# Christmas Ornaments



## BernieW (Oct 13, 2007)

Been getting ready for Christmas this year. I sell quite a few of these during the holiday season. Some will be displayed at the Carnagie Arts Center in November. Lot of fun to make.


----------



## jttheclockman (Oct 13, 2007)

Very well done indeed. I too do the birdhouses and are a great seller. On the globes are they hollowed out????  What type finish are you using???


----------



## BernieW (Oct 13, 2007)

The finish on all is either spray poly or spray lacquer. Yes all the globes are hollowed and only weigh a couple of ounces. I noticed you use name jttheclockman. Do you work on clocks? I have a clock repair shop here and build a few when time permits. Thanks for your kind comment.


----------



## Pompeyite (Oct 13, 2007)

Nice work Bernie, where do you buy those mini birds from?


----------



## BernieW (Oct 14, 2007)

> _Originally posted by Pompeyite_
> 
> Nice work Bernie, where do you buy those mini birds from?

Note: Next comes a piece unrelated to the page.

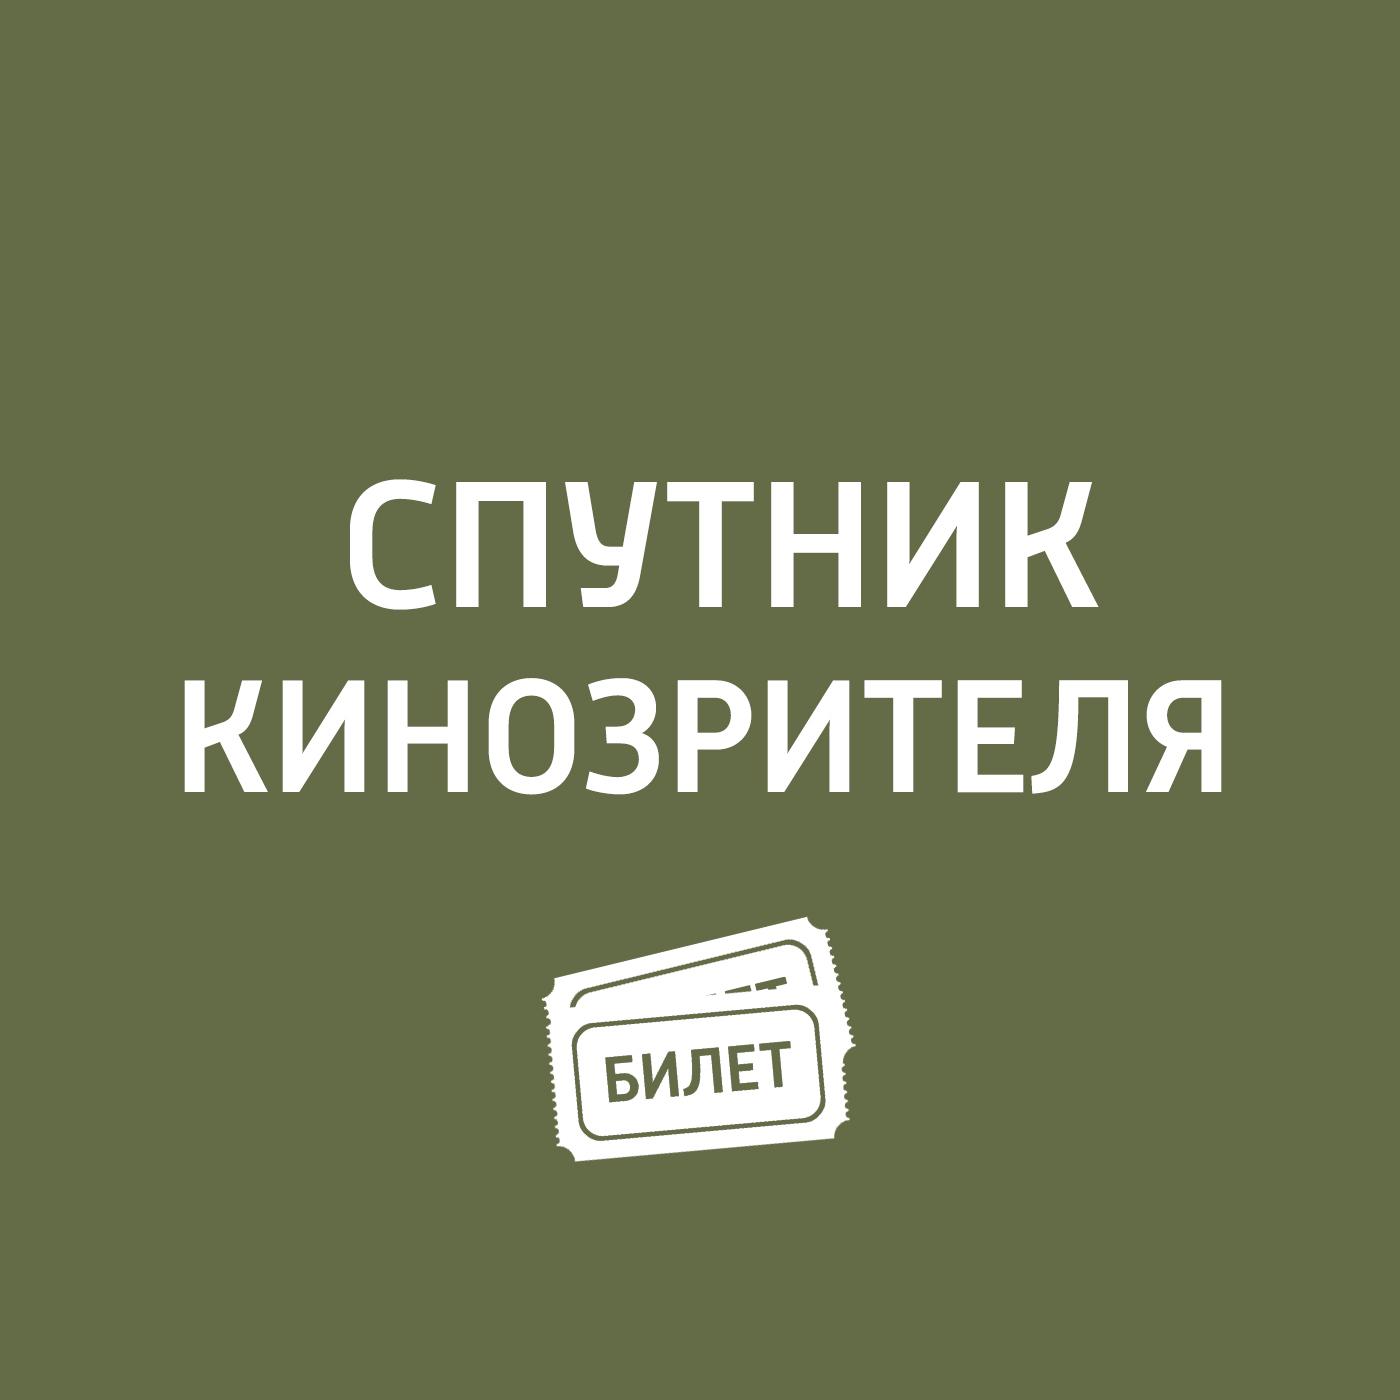 Антон Долин «Человек, который всех удивил», «Лоро», «Два билета домой» антон ковалев дорога домой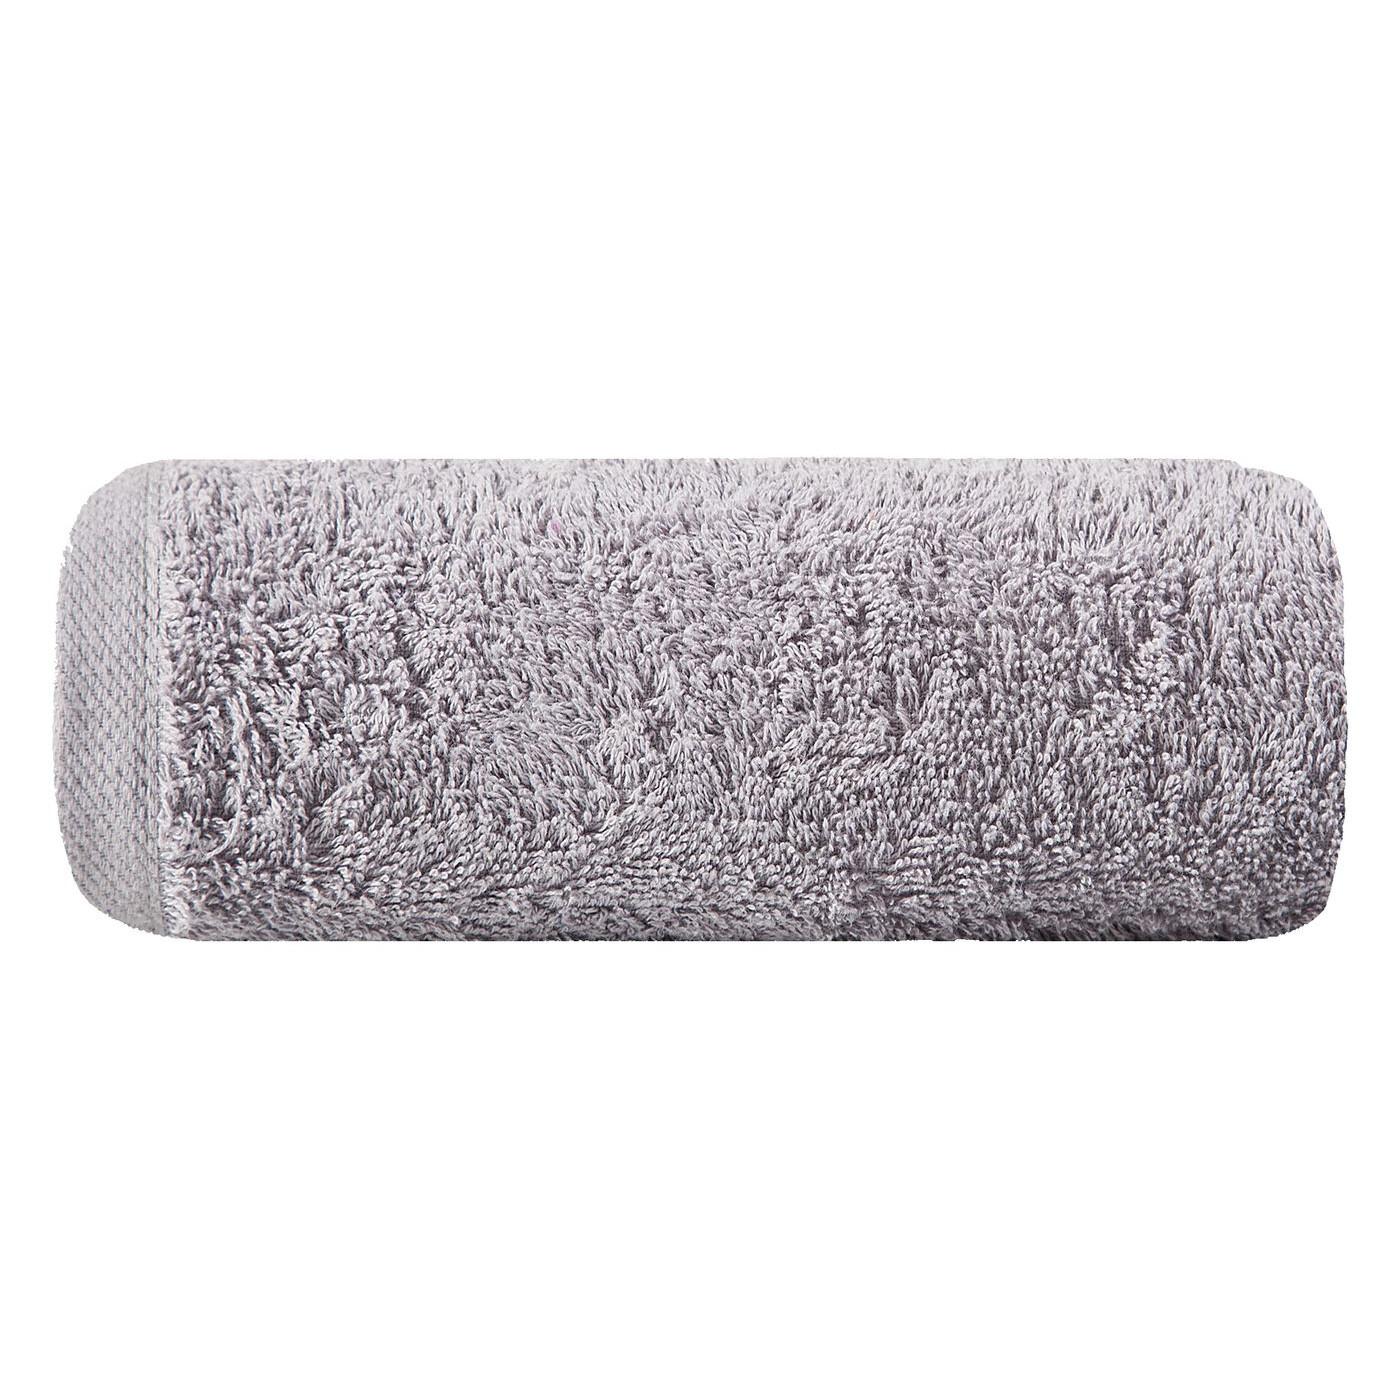 Gładki ręcznik kąpielowy srebrny 70x140 cm

I get them at Michael's. You can get different sizes.


----------



## Pompeyite (Oct 14, 2007)

> _Originally posted by BernieW_
> 
> 
> 
> ...


----------



## txbatons (Oct 14, 2007)

Those are beautiful. Nice work on all of them!


----------



## kent4Him (Oct 15, 2007)

> _Originally posted by Pompeyite_
> 
> Nice work Bernie, where do you buy those mini birds from?



Hobby Lobby has them as well.  Ebay has some from time to time.


----------



## Johnathan (Oct 15, 2007)

Craft Supply also has the birds. Nice work Bernie, I can't believe it getting to be that time of year.


----------



## holmqer (Oct 15, 2007)

I was astounded to see the Christmas decorations going up at Lowes and Home Depot a week ago


----------



## kkwall (Oct 16, 2007)

Brilliant work. []


----------



## louisbry (Oct 16, 2007)

Nice work Bernie. Your bird houses are especially beautiful.


----------